Kinect's had a few quirky shooters so far — step forward The Gunstringer and Child of Eden — but nothing so conventional as Blackwater. Dubbed a "first person experience" by its publisher, it's the first war game we've seen on Kinect, and carries with it all the pleasures and pitfalls you'd expect from that mantle.

Blackwater isn't interested in being Call of Duty Kinect — it's an on-rails arcade shooter through and through, a military Virtua Cop or Time Crisis. Your character moves along a set path and you highlight targets with your hand, hovering over them for a few moments to take the shot. You can duck and lean side-to-side to take cover from enemy fire, kick away oncoming melee attackers and generally act like the big shot action hero you'd expect.

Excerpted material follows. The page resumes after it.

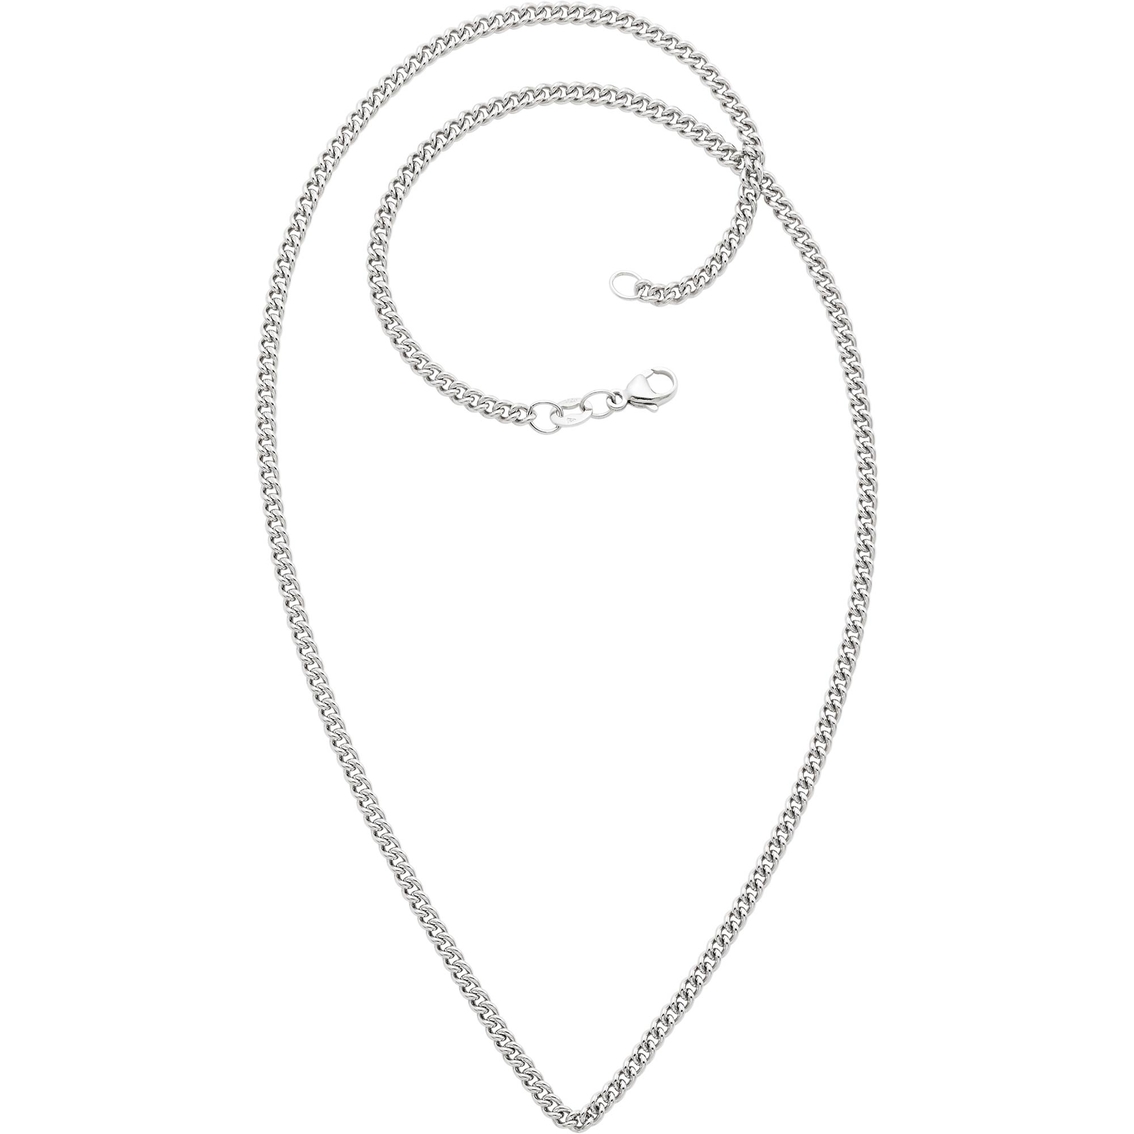 James Avery Medium Curb Chain | Silver Necklaces & Pendants | Jewelry ...

In keeping with the game's arcade leanings, stages are over in a few minutes, with a score attack element hoping to entice you to return: streaks of kills, headshots and shooting bonus targets — statues, posters and radios — all earn you points, with a leaderboard after each mission showing how you stack up. The score system isn't significant or developed enough to make it a real incentive to return to previous missions though alternate routes, activated by hovering over orange markers, at least pep things up a bit.

In fact, Blackwater is to be commended for maintaining a fairly lively and varied pace: you switch automatically between squad members, from sniper Eddi to trigger-happy shotgun man Smash, with the others mostly favouring assault rifles. This game is at its best as Smash; the shotgun's reticule is pleasingly wide and chunky, suiting the broad strokes of Kinect's hand tracking. It's less satisfying looking down the sights of a more precise gun, even though the same aiming system powers all the guns, but the game flicks between characters fairly frequently so you're rarely stuck with one weapon for more than a minute.

The speed at which you're tugged between characters and shoot-outs papers over some of the game's cracks, but the enemy AI isn't so easily concealed: opposing forces gladly wait their turn to fire, with a thin outline changing from yellow to red as they start to wake up and squeeze the trigger. Some groups can be dispersed by taking out the leader, but it's generally a case of "shoot everyone, move on" — for all its variety of characters, quick time events and brisk pace, it's mindless fare that rarely musters the sort of thrills that make games of this genre worth playing.

The single-player campaign is over in seemingly no time — a couple of hours in our experience — but you can replay to find all of the hidden objects, set a new score or try out a new route if you really feel like it. You're more likely to try out the multiplayer mode that lets you and a friend compete for the best score on a handful of stages. It's hardly winning stuff, and you'll probably not come back for more once you've seen everything once or twice.

Conclusion

After years of arcade light gun shooters that actually use a gun accessory, it was always going to be difficult fitting the genre to the hands-free sensor. Despite quick time events and a body-based cover system, Blackwater still feels like a gun game missing a gun.